Юцер долго лежал с открытыми глазами. Он представлял себе Париж, сизый воздух, сизые крыши, мокрые от дождя тротуары, кондитерскую наискосок от Тюильри.
— Никогда, — прошептал с тоской, — никогда.
«Никогда не говори „никогда“», — послышалось ему.
Юцер приподнялся, посмотрел на жену. Мали крепко спала. Он закрыл глаза и задремал. Во сне ему привиделся снег, бесконечное заснеженное пространство, глупые глаза замерзшей рыбины, мужской гогот.
— Никогда — глупое слово, — услышал он голос Натали, — людям не положено им пользоваться. Как и словом «всегда», впрочем.
9. Анютина глазка
Любовь шла по миру, и мир качался у нее под ногами. Ее ножки, обутые в новенькие ботиночки — большая редкость по тем временам — ступали неловко. Рядом с маленькой Любовью шла большая Паша, и ее рыжие волосы полыхали. Время от времени Любовь поднимала глаза и голову, чтобы на них подивиться. Шли они рядом и даже взявшись за руки, потому что Паша, младшая сестра Геца, нанялась присматривать за Любовью. Она пришла к Мали в гости, села на кухонный табурет, хотя кресла пустовали, и сказала:
— Мои дни черны, как ночи. Почему я не села вместе с Надин в автобус и в тюрьму?
— У каждого своя судьба, — вежливо ответила Мали. — Ты что, поругалась с Софией?
— Поругалась? Нет! Так низко падать мне невыгодно.
— Падать вообще невыгодно, — сказала Мали, стараясь не рассмеяться, — но что все же случилось?

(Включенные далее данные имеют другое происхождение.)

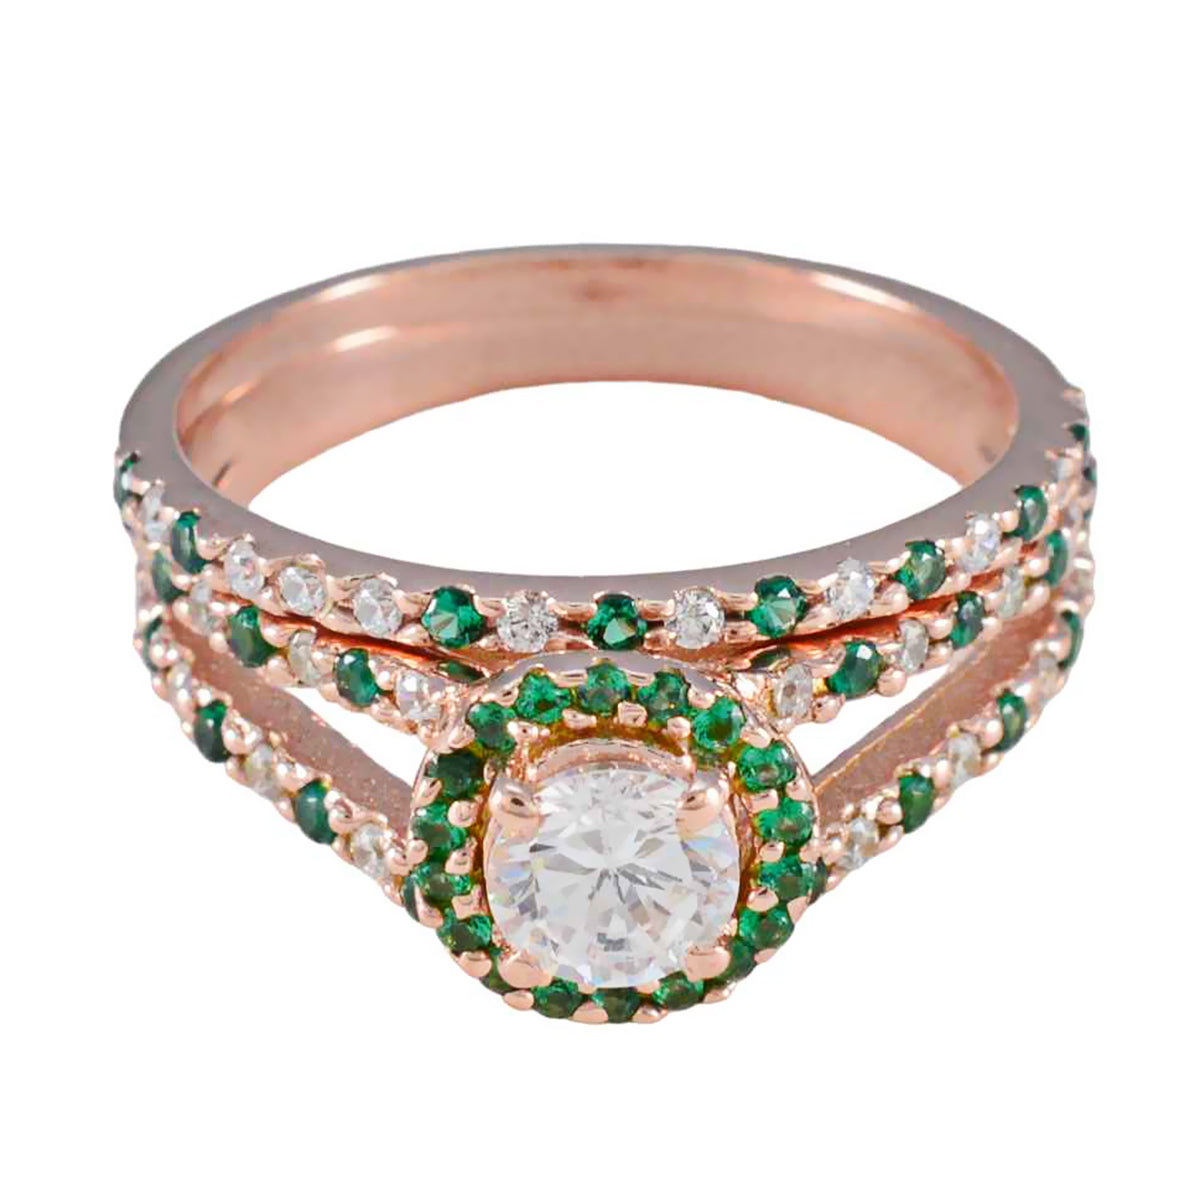 riyo omfattande silverring med roséguldplätering smaragd cz sten rund form stift inställning designer smycken julring

— Во-первых, я не могу смотреть на то, как мой брат переводит наше семейное имя на змеиных выкормышей.
— Повтори то, что ты сказала, но так, чтобы появился смысл, — потребовала Мали.
— А тебе не понятно? Мой брат — последний Гойцман на свете. А эта змея не хочет рожать нам наследников из-за своих приемышей.
— Ага, теперь понятно. Но то, что ты говоришь, нечестно. Ты прекрасно знаешь, что София не может забеременеть, хотя очень этого хочет.
— То, чего эта змея хочет, всегда случается. Пусть постарается.
— Паша, опиши точнее муху, которая тебя укусила, — потребовала Мали. — Что там у тебя во-вторых?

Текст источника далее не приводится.